Rep. Richard Foster, a Nome Democrat who has seen 17 special sessions held during his 18 years as a legislator, agreed the 60-member Legislature cannot finish its work even during the current limit.
Five of those special sessions focused on subsistence legislation, an issue the Bush caucus fought for, Foster said. He sees minorities having less time to get their bills heard under the new proposal.
More importantly, Foster said being a legislator is about spending time on making laws.
"Our primary job is to represent the people," Foster said. "It's not to go home and run a business."

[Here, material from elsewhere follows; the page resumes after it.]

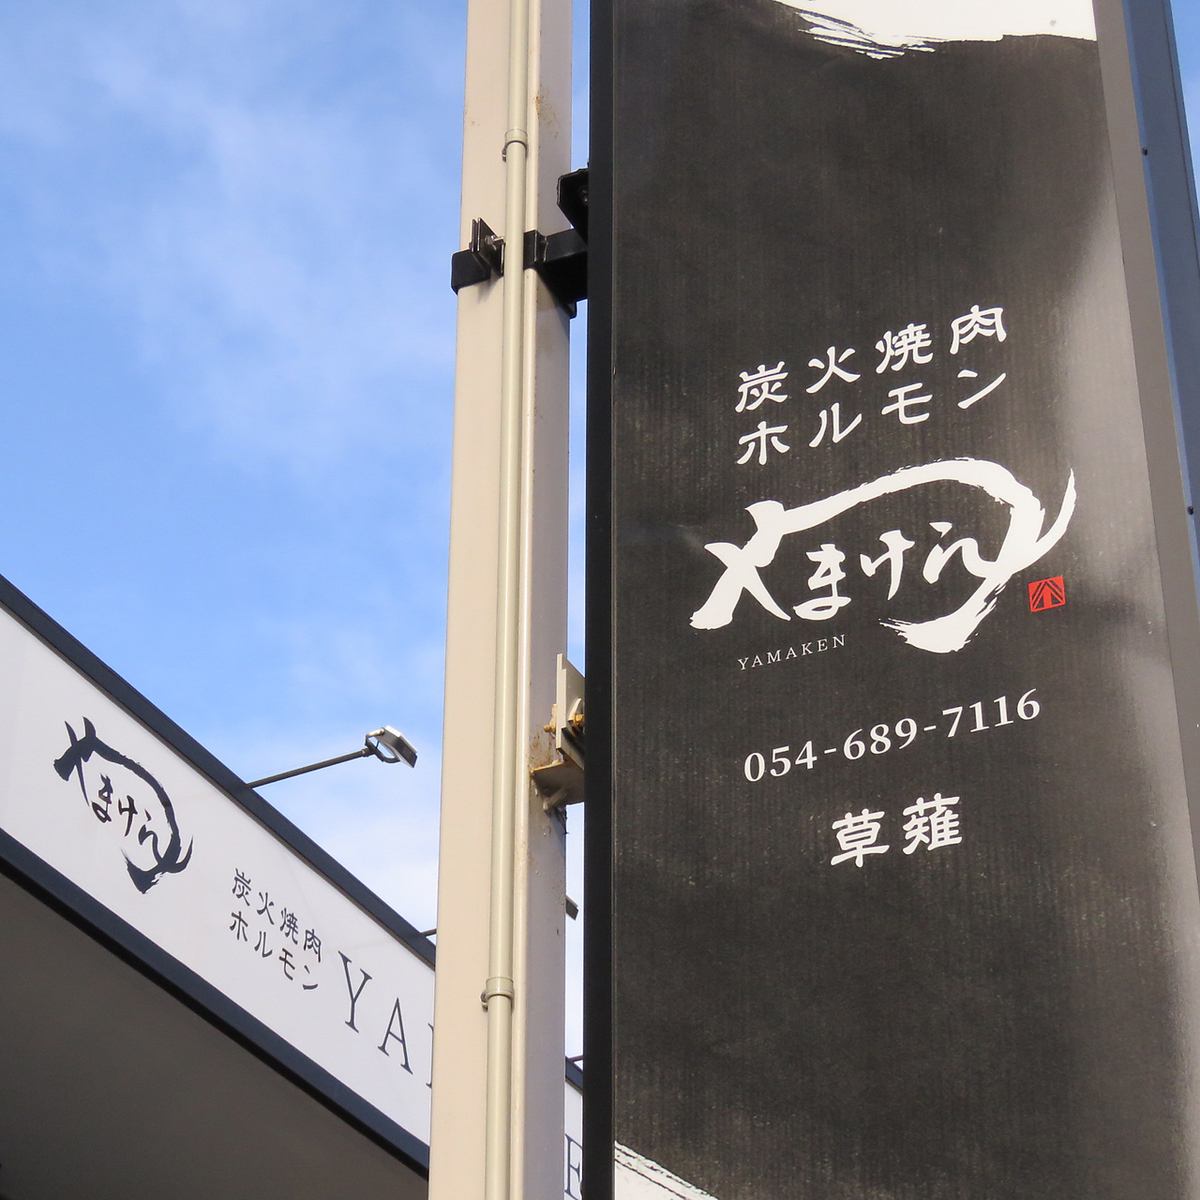 [Popular restaurant Yamaken is now in Kusanagi!] First come, first served!

The words "balance of power" continued to surface among the bill's critics on Tuesday. Sen. Kim Elton, D-Juneau, said a shorter session gives the governor opportunity to focus on his agenda and less time for legislators to repair his bills, if they object.
"It's easier not to get things done," Elton added.

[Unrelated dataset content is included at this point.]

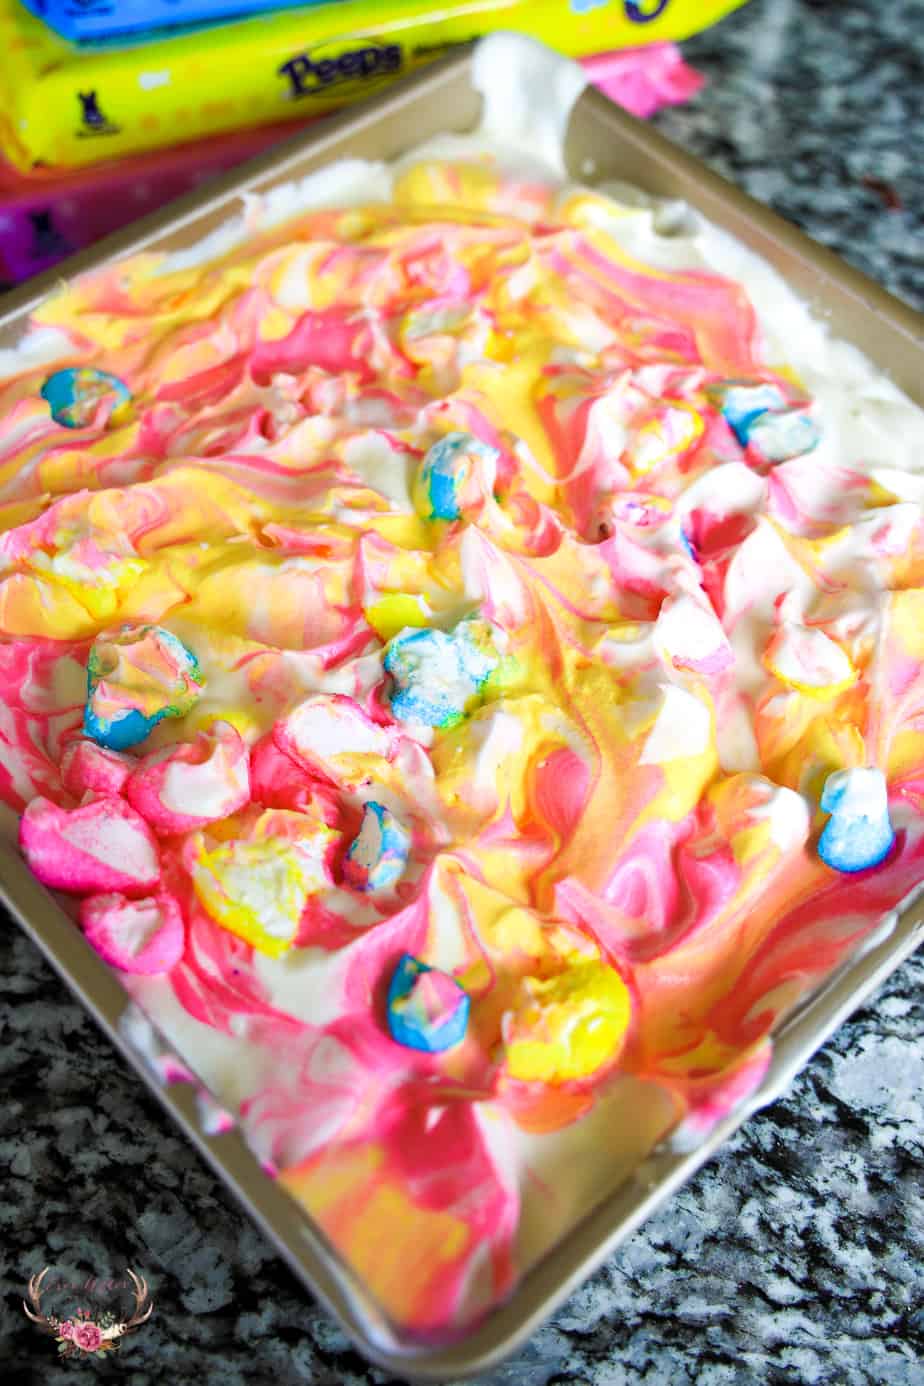 How to Make Peeps Marshmallow Ice Cream at Home

Juneau Assembly member Jonathan Anderson, who teaches public administration at the University of Southeast Alaska, said citizens often perceive the Legislature as doing nothing until the last two weeks.
"You can't say that nothing goes on," said Anderson, agreeing that lawmakers are busy meeting with state experts in Juneau, debating bills in committees and corresponding with constituents.
The city does not have an official position on this bill, he said. From a personal standpoint, he said it is difficult to measure because it's an emotional issue over whether lawmakers waste their time.